In this section, we compare the VIB architecture in Section V-B with the two level mux architecture in [8] in the routability. As the VIB architecture is tileable which has been described in Section III-A, the routing channel width can be calculated by equation (3), where n is the number of wire types,  $N_k$  represents the number of this wire type,  $L_k$  means the length of this wire type. Since only length-4 wires are used in the architecture, equation (3) can be simplified to equation (4). We use a binary search algorithm to find the minimum channel width which is similar to VPR. The router is run repeatedly to find the smallest number of tracks to route the circuit successfully.
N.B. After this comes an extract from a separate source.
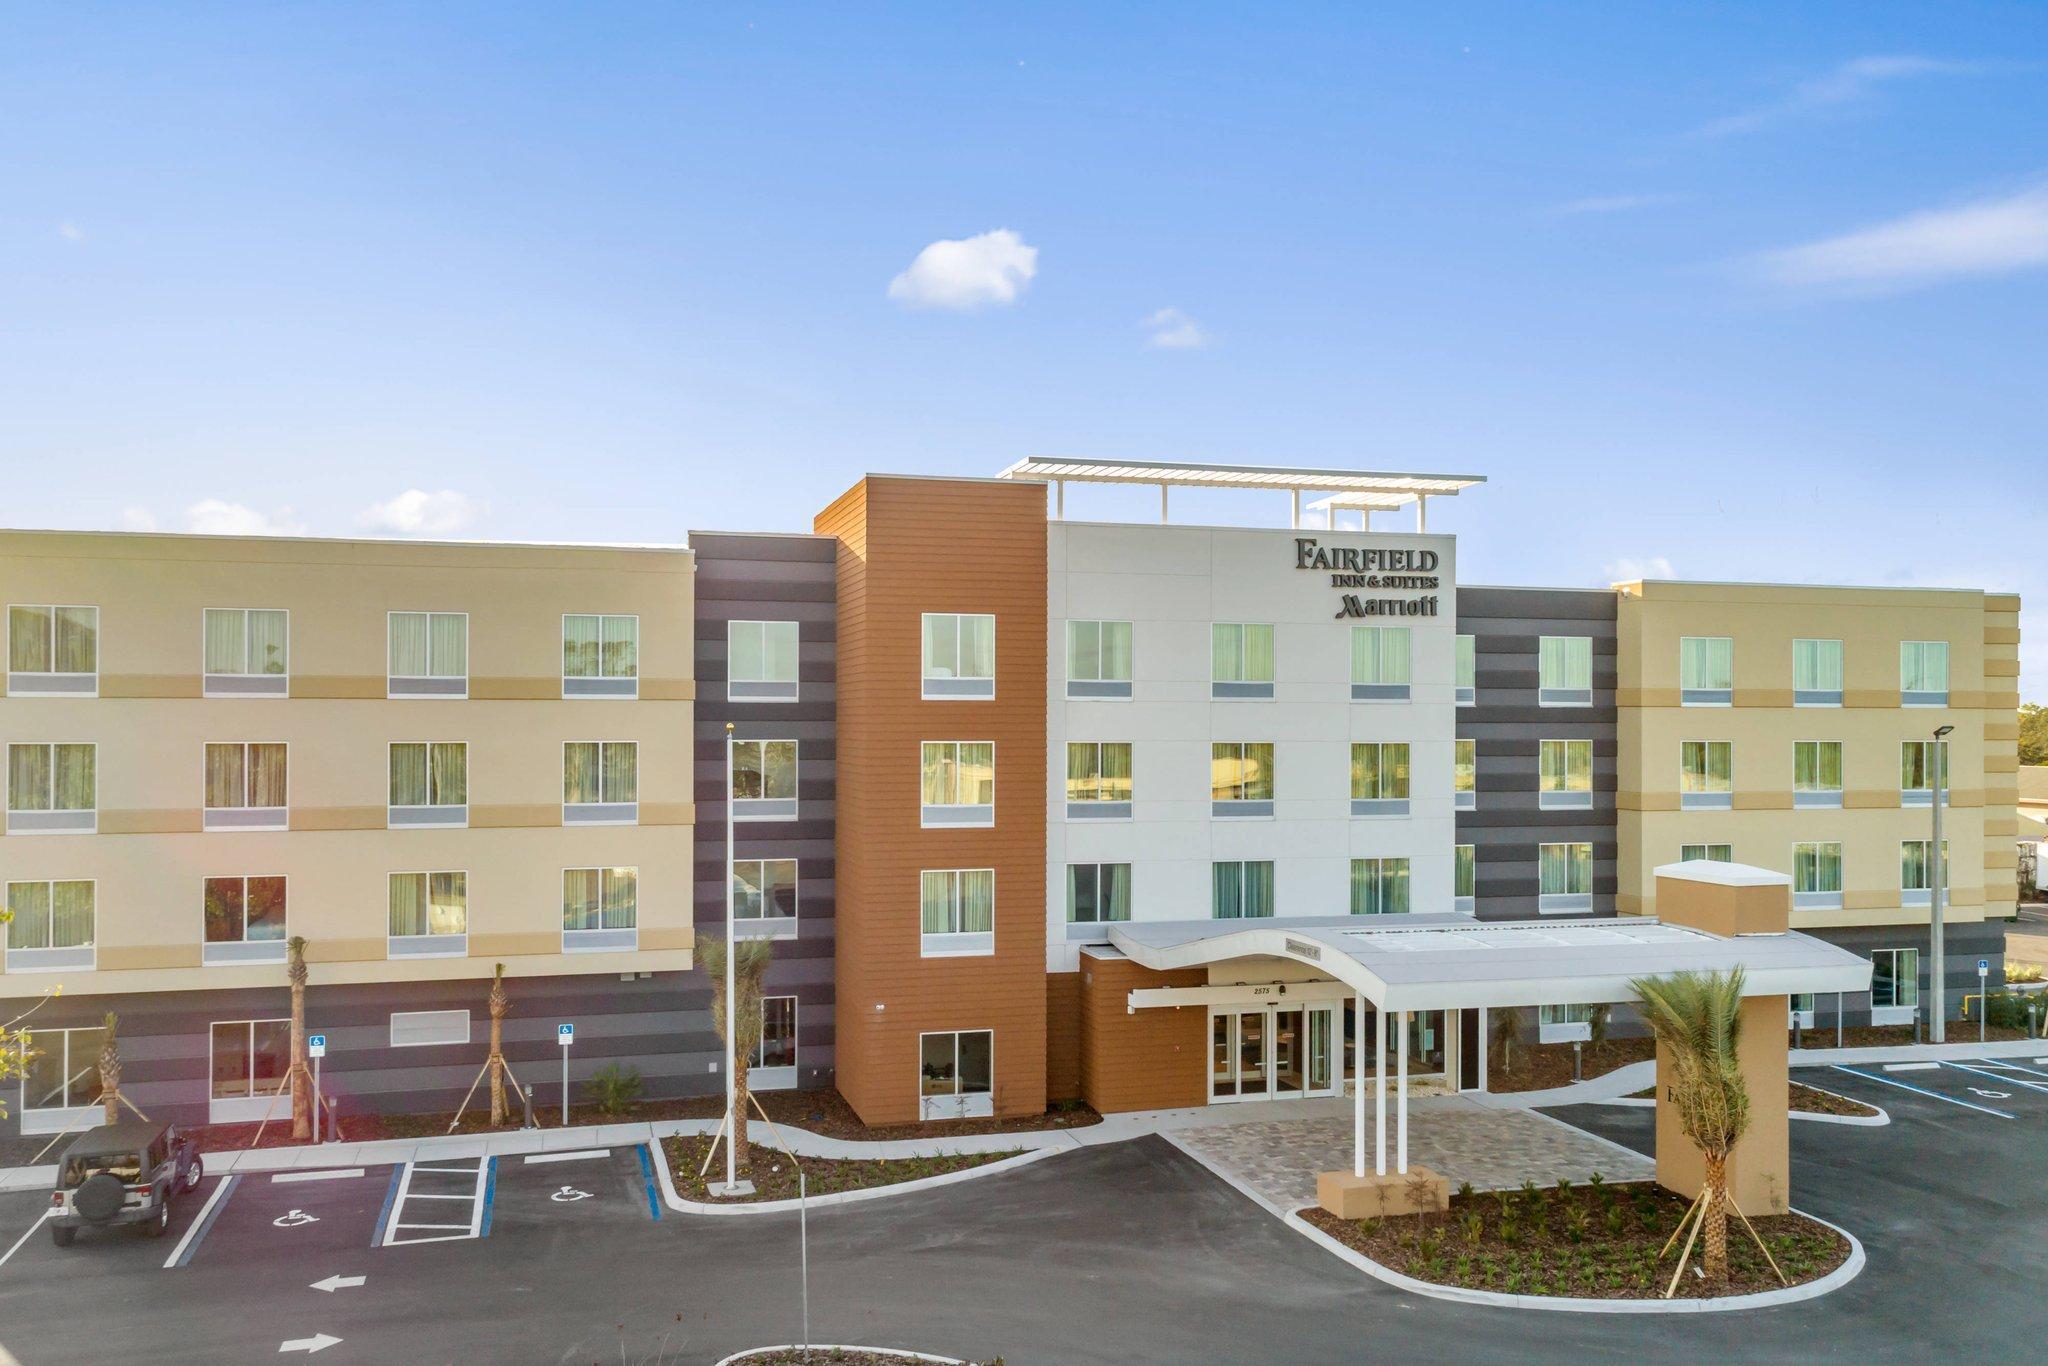 Fairfield Inn And Suites St Petersburg North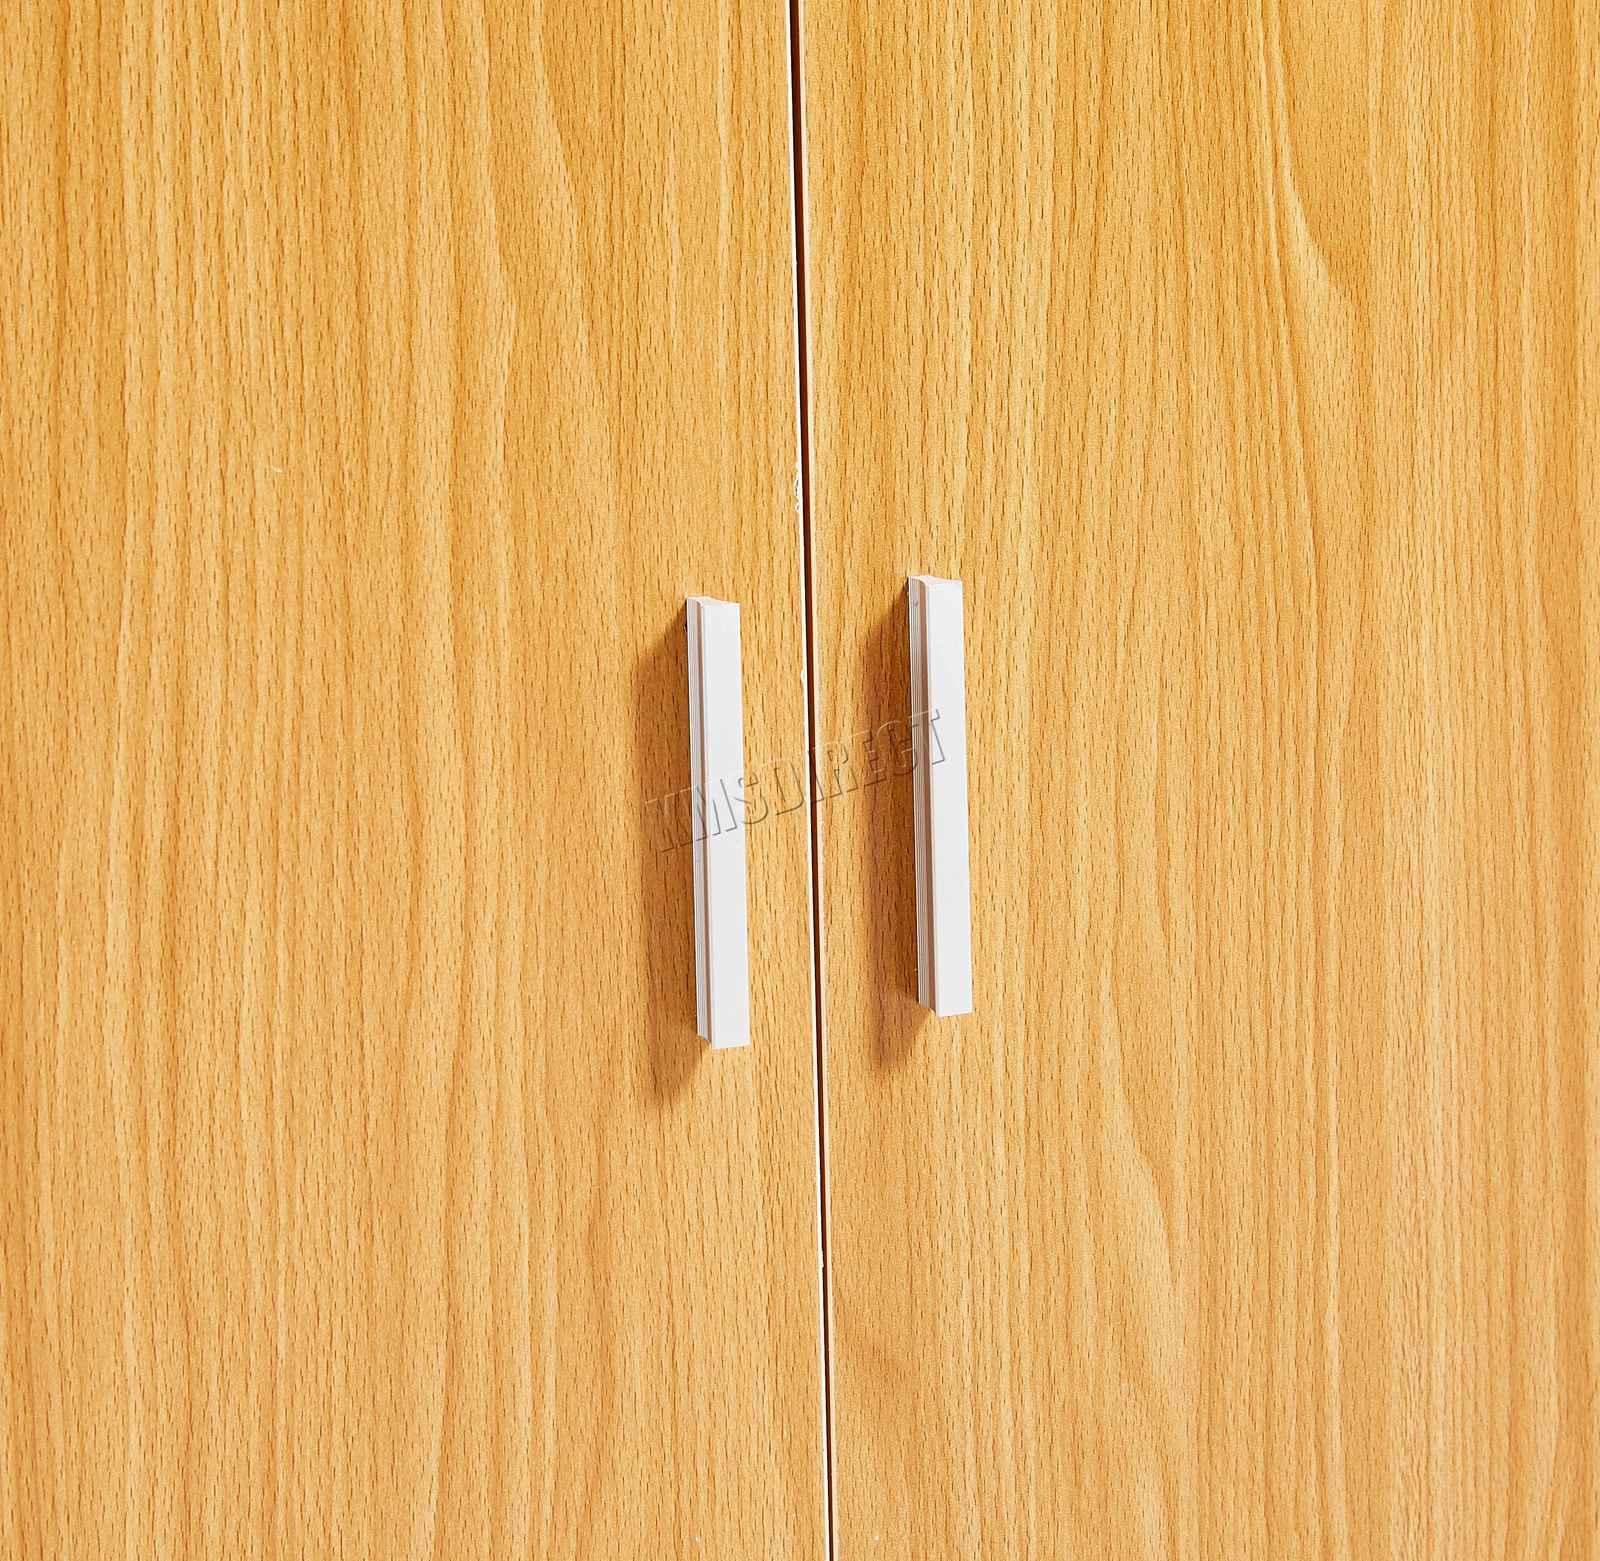 WestWood-Sideboard-Cabinet-Storage-tableware-Kitchen-Cupboard-Unit-PB-SSP01-NEW thumbnail 20

Experimental results show that the VIB architecture can improve  $W_{min}$  by 2% compared to the baseline two level mux architecture as shown in TABLE VI. Although there are fewer programmable connections in the VIB architecture, routability can be improved by increasing the interconnect utilization which is shown in Section V-C. The small improvement in routability of VIB architecture comes from the lack of fast LUT output feedbacks which connect LUT output pins with LUT input pins. All the LUT output feedbacks are connected to the L1-muxes and L2-muxes can only get connections from L1-muxes, no fast LUT output feedback. Fig. 10 shows the comparison of VIB architecture with and without fast LUT output feedback and the red line represents the fast LUT output feedback. This design approach of VIB architecture without fast LUT output feedback can improve the routability of the VIB architecture. However, it may lead to longer delay without fast LUT output feedback which has been prove in the Section V-C. In the future, fast LUT output feedback in VIB architecture will be explored to achieve better area-delay tradeoff.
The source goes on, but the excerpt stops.